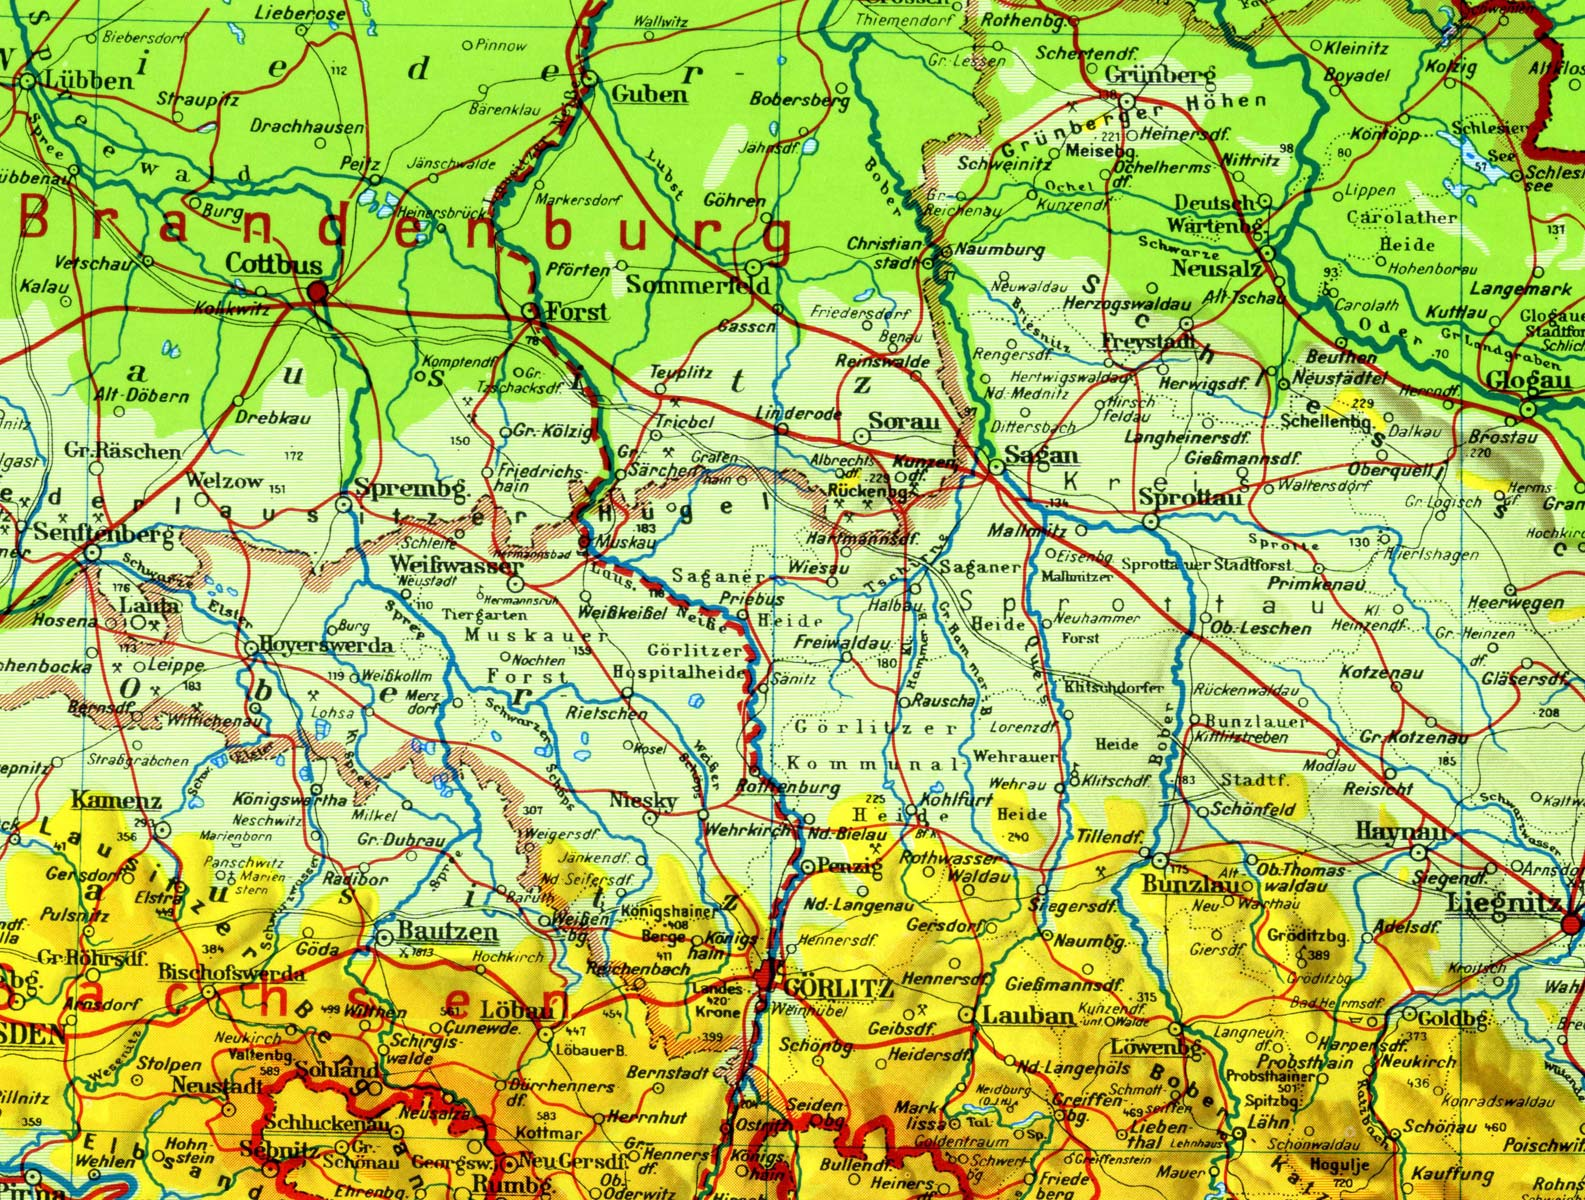 Schlesien Karte Heute.Schlesien Willich Nach 1945 Flucht Und Vertreibung
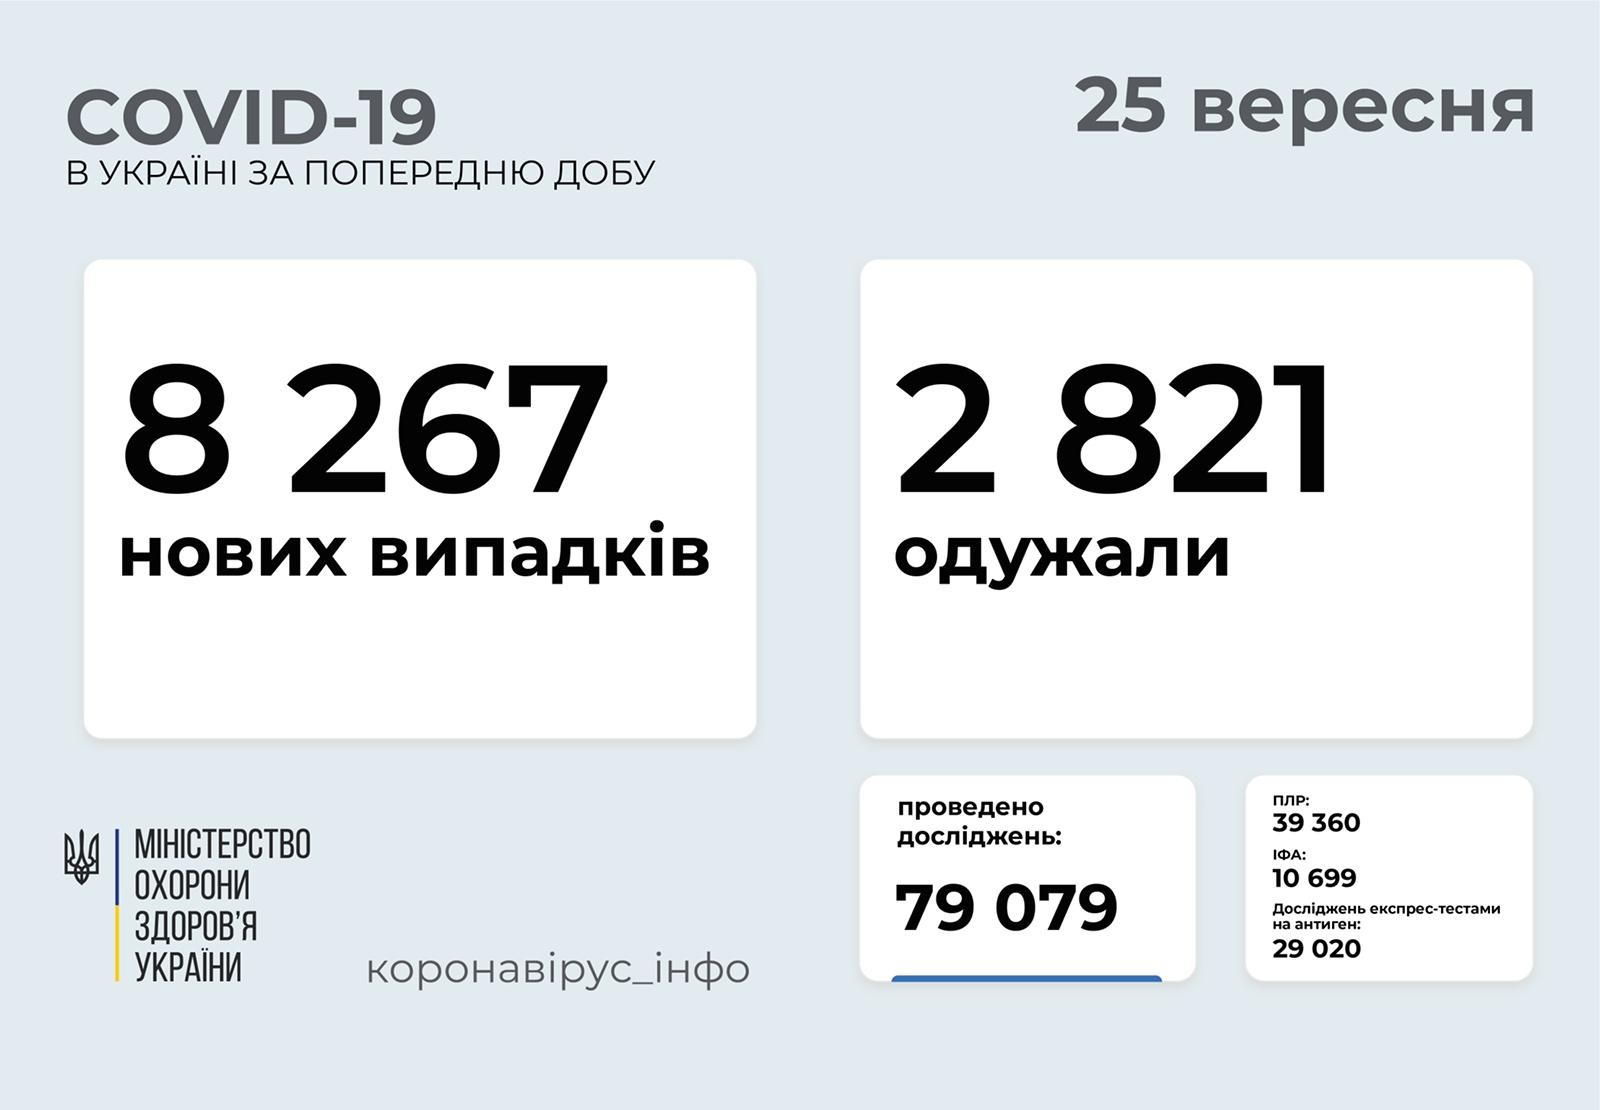 zobrazhennia_viber_2021-09-25_08-31-21-415
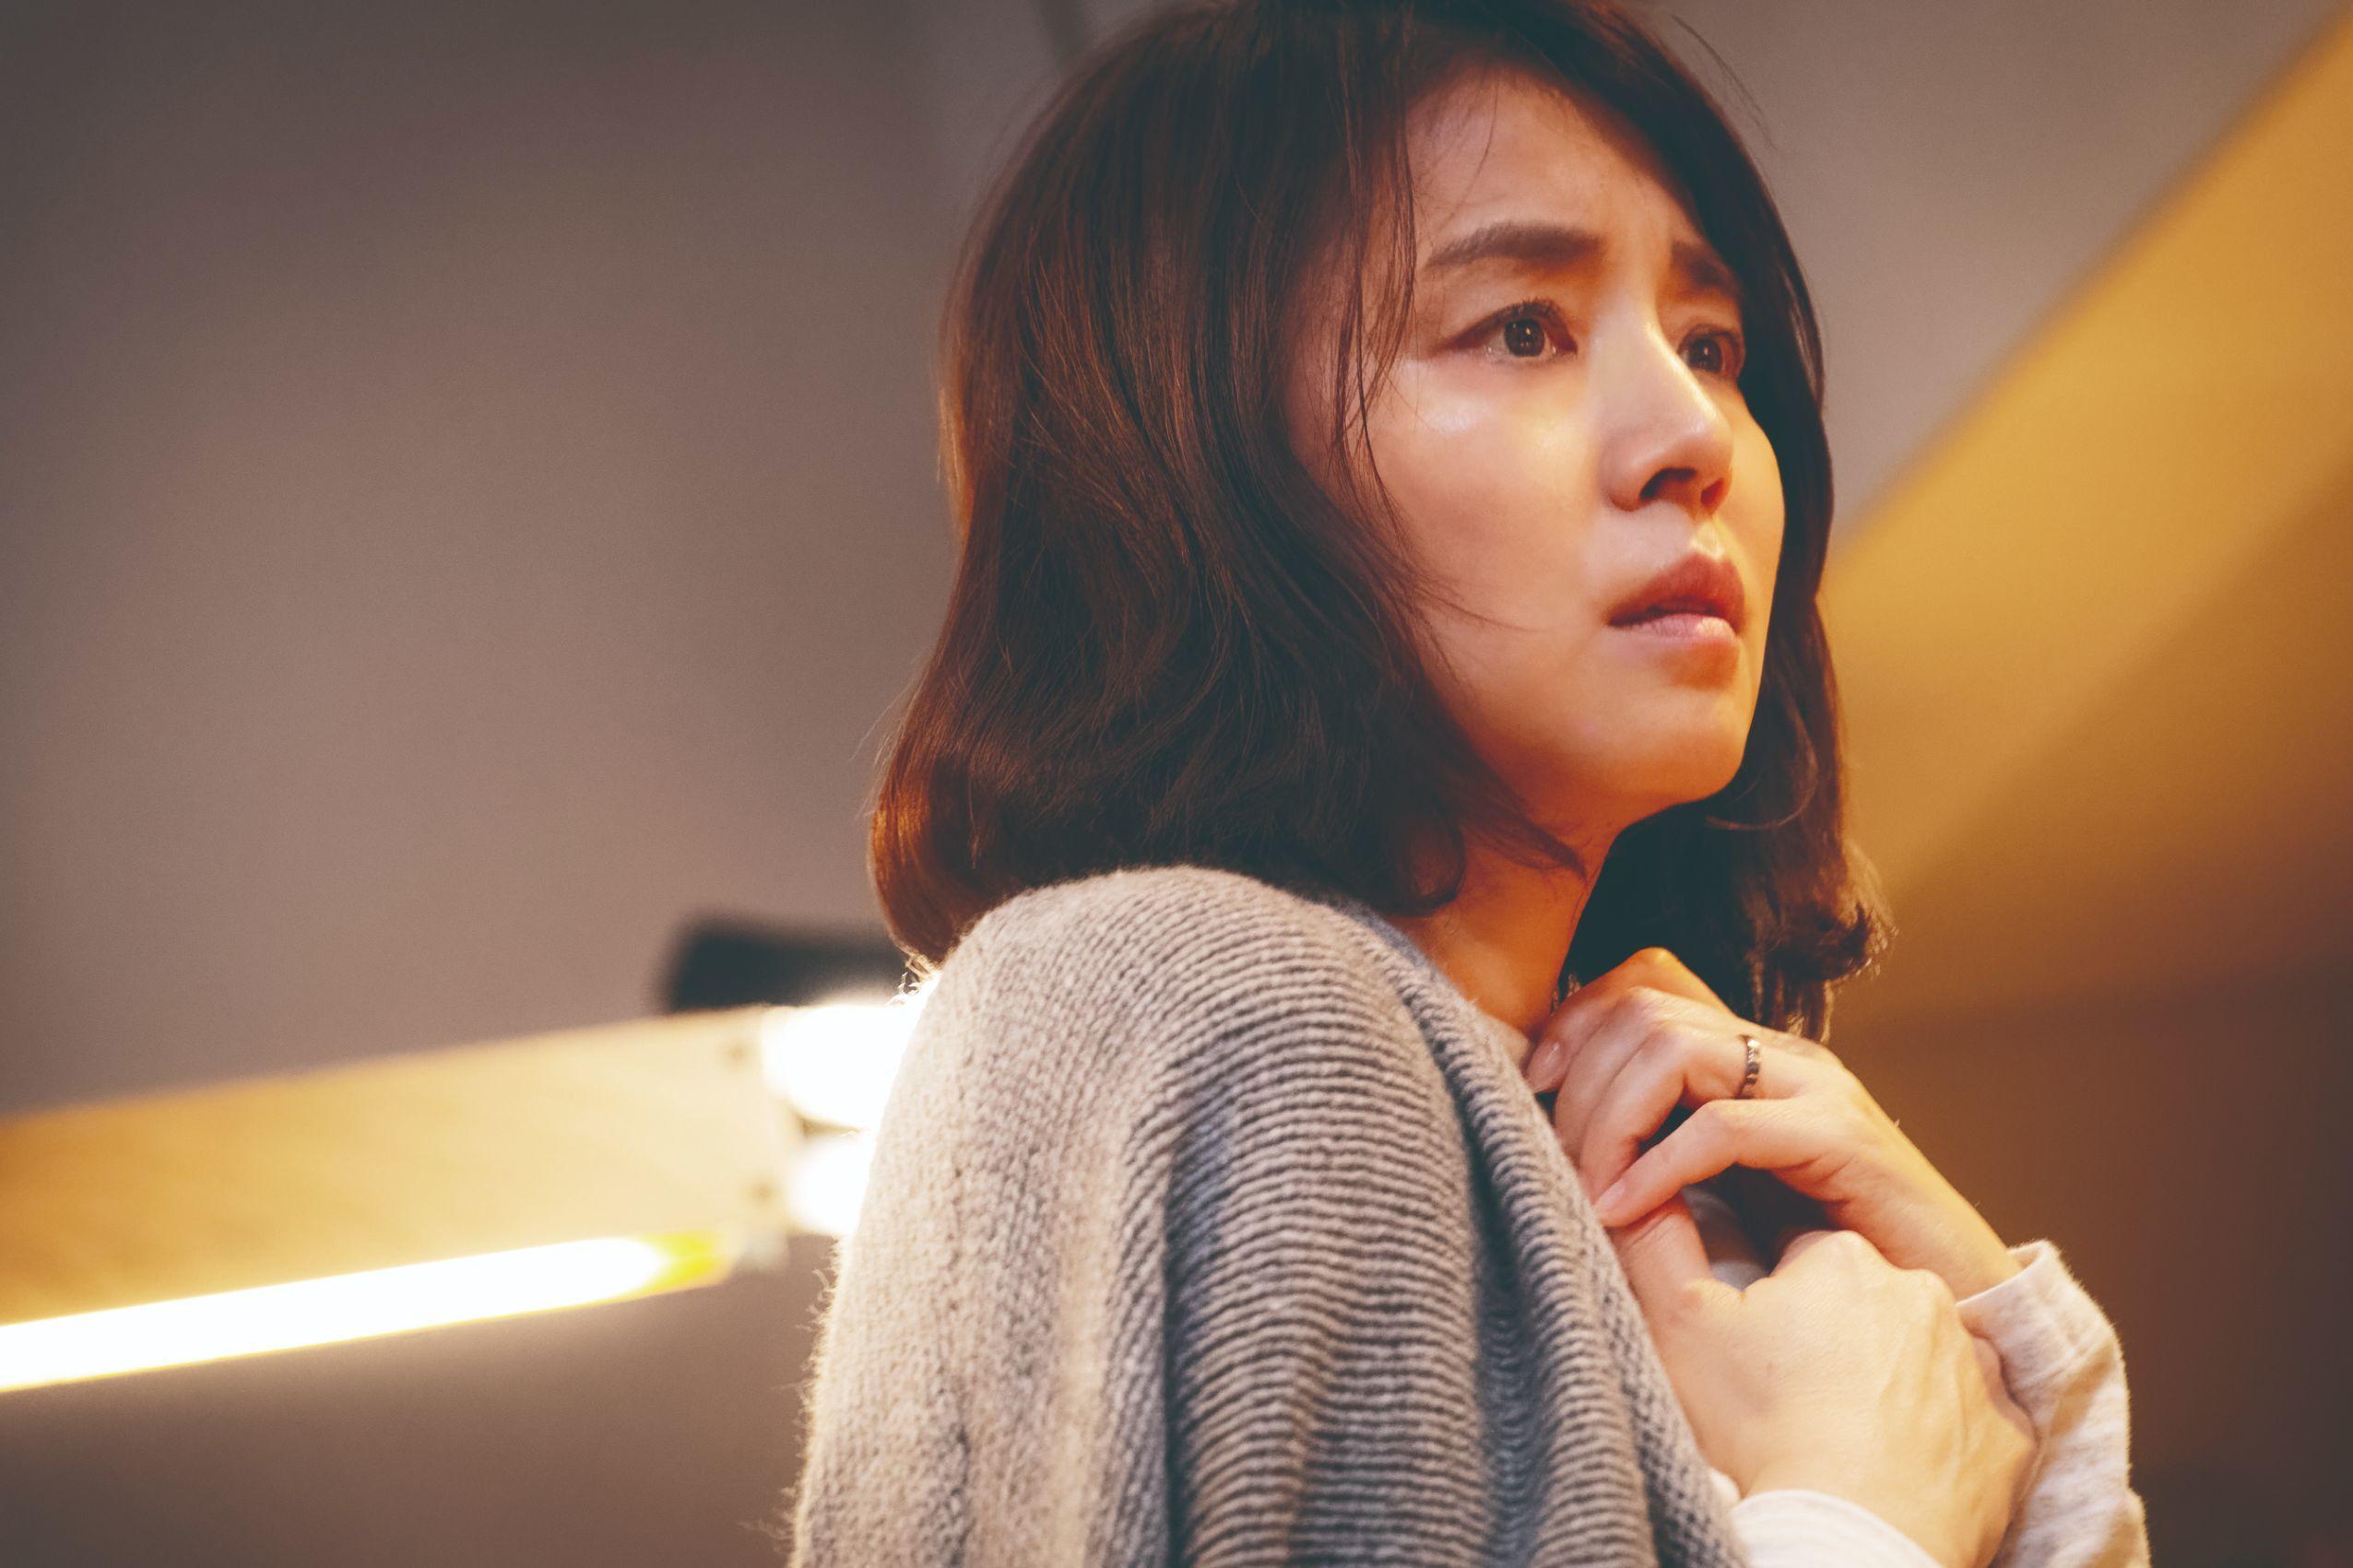 石田ゆり子 (C)2020「望み」製作委員会
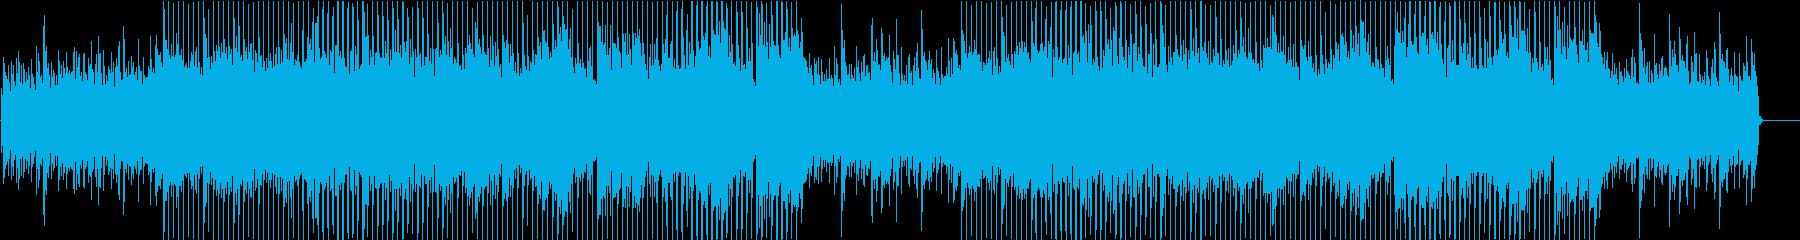 さわやかな朝を思わせるアコギのBGMの再生済みの波形
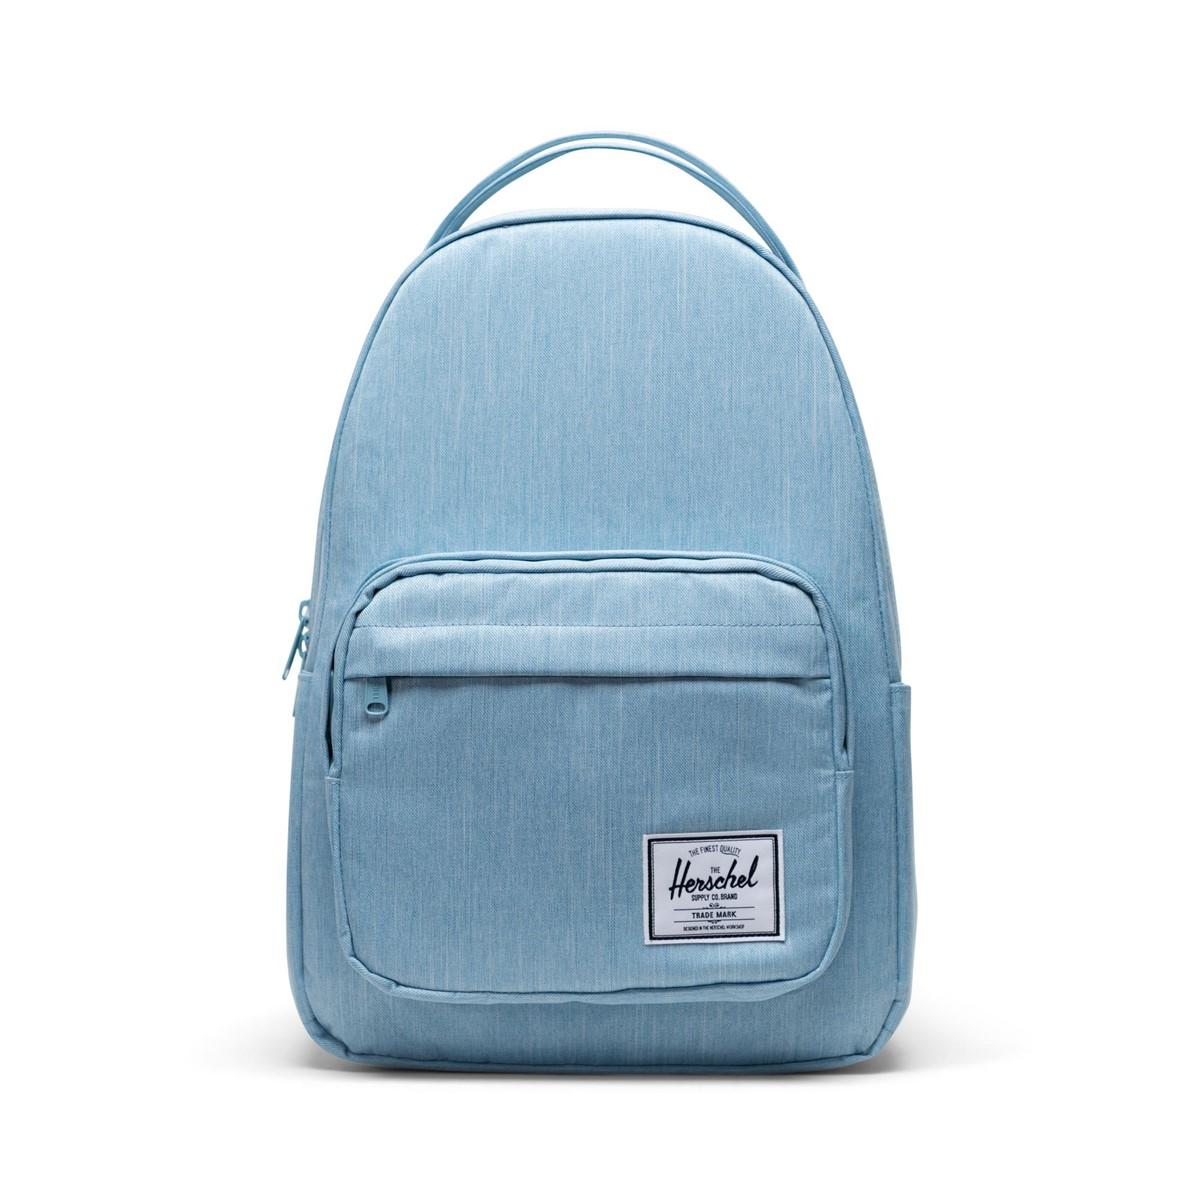 Miller Backpack in Light Blue Denim
_ _ _ _
■ **ACTIVITY**:
Retype every entry exactly as written, but omit the pictures.

■ **TASK RESPONSE**:
 Schlesien Karte Heute.Schlesien Willich Nach 1945 Flucht Und Vertreibung
 zobrazhennia_viber_2021-09-25_08-31-21-415
 石田ゆり子 (C)2020「望み」製作委員会
 さわやかな朝を思わせるアコギのBGMの再生済みの波形
 Miller Backpack in Light Blue Denim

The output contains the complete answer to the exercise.